Liliths Herz klopfte ihr bis zum Hals. Plötzlich überkamen sie Zweifel, ob sie bei einem Angriff der Greife tatsächlich schnell genug reagieren konnte …

Mit einem steinernen Knirschen wandten die Wächter Lilith ihre Adlerköpfe zu und stellten die Speere, genau wie bei Strychnin, neben sich. Der entscheidende Moment war gekommen.

»Du weißt doch: Nur Mut, Nephelius!«, rief ihr Emma zu.

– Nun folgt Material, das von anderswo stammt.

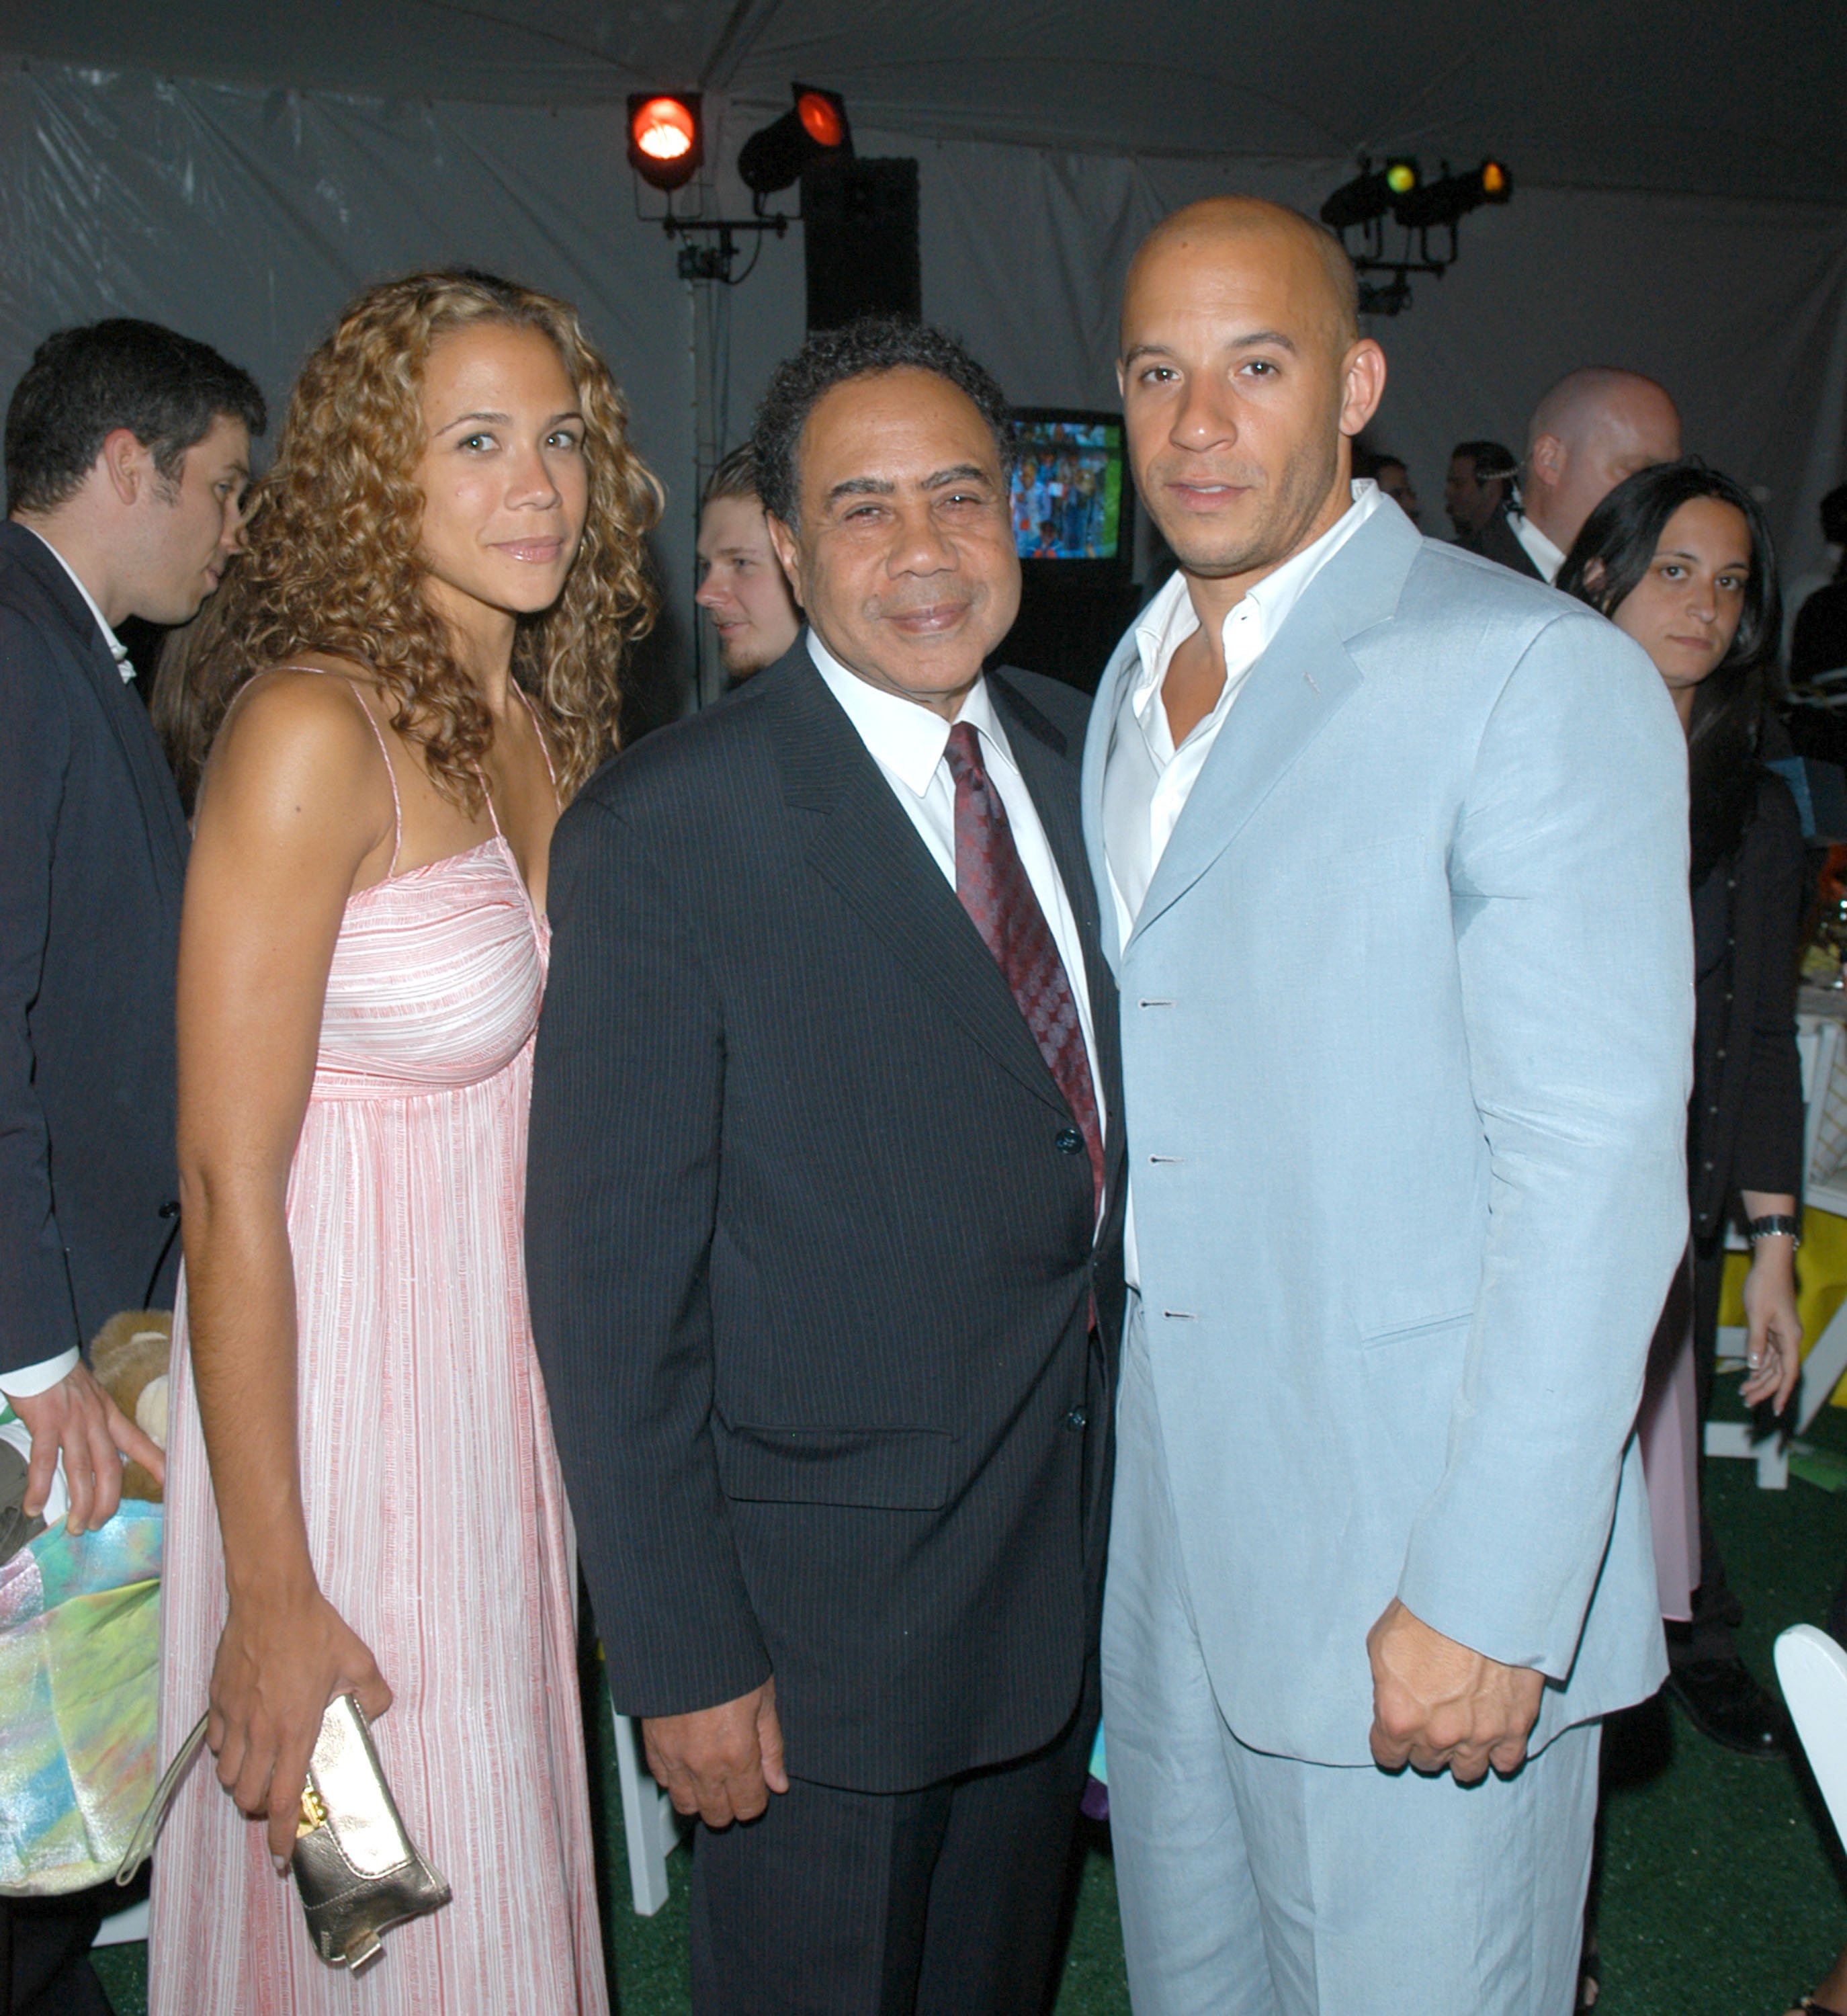 Vin Diesel with his sister and his father during "Build-A-Bear Workshop" at Fresh Air Fund Spring Gala 2005, in New York City. | Source: Getty Images

Strychnin dagegen stieß ein tief empfundenes Schluchzen aus, gefolgt von einem halb gemurmelten: »Elender Dämonenrotz, wenn sie stirbt, muss ich ins Schattenreich zurück.«

Liliths Beine fühlten sich steif an, als sie einen weiteren Schritt auf das Tor zumachte. Ihre Augen huschten so schnell zwischen den Wächtern hin und her, dass ihr schwindelig wurde. Noch immer starrten sie Lilith unentwegt an und schienen jede ihrer Bewegungen zu verfolgen, doch offenbar hatten sie nicht vor, Lilith aufzuhalten.

Sie hob ihre Hand. Langsam, ganz langsam näherten sich ihre Finger dem Riegel, der das Tor verschlossen hielt. Liliths Herzschlag beschleunigte sich noch einmal: Gleich würde sie die Burg ihrer Vorfahren betreten, das frühere Zuhause ihrer Mutter!

Zuerst hörte Lilith das Knirschen – erst dann nahm sie aus den Augenwinkeln eine Bewegung wahr. Die Speere sausten von beiden Seiten auf sie zu.

Es ging so schnell, dass sie nicht einmal Gelegenheit hatte zurückzuzucken. Mit einem pfeifenden Geräusch näherten sich ihr die Speere und der Luftzug streifte über ihr Gesicht.

Dann verharrten die Wächter wieder in ihrer steinernen Regungslosigkeit. Lilith nahm die gekreuzten Speere vor ihren Augen nur verschwommen war und taumelte, immer noch starr vor Schreck, zurück.

Nur langsam sickerte die Erkenntnis dessen, was geschehen war, in ihr Bewusstsein: Die Wächter hatten ihr den Zutritt verweigert.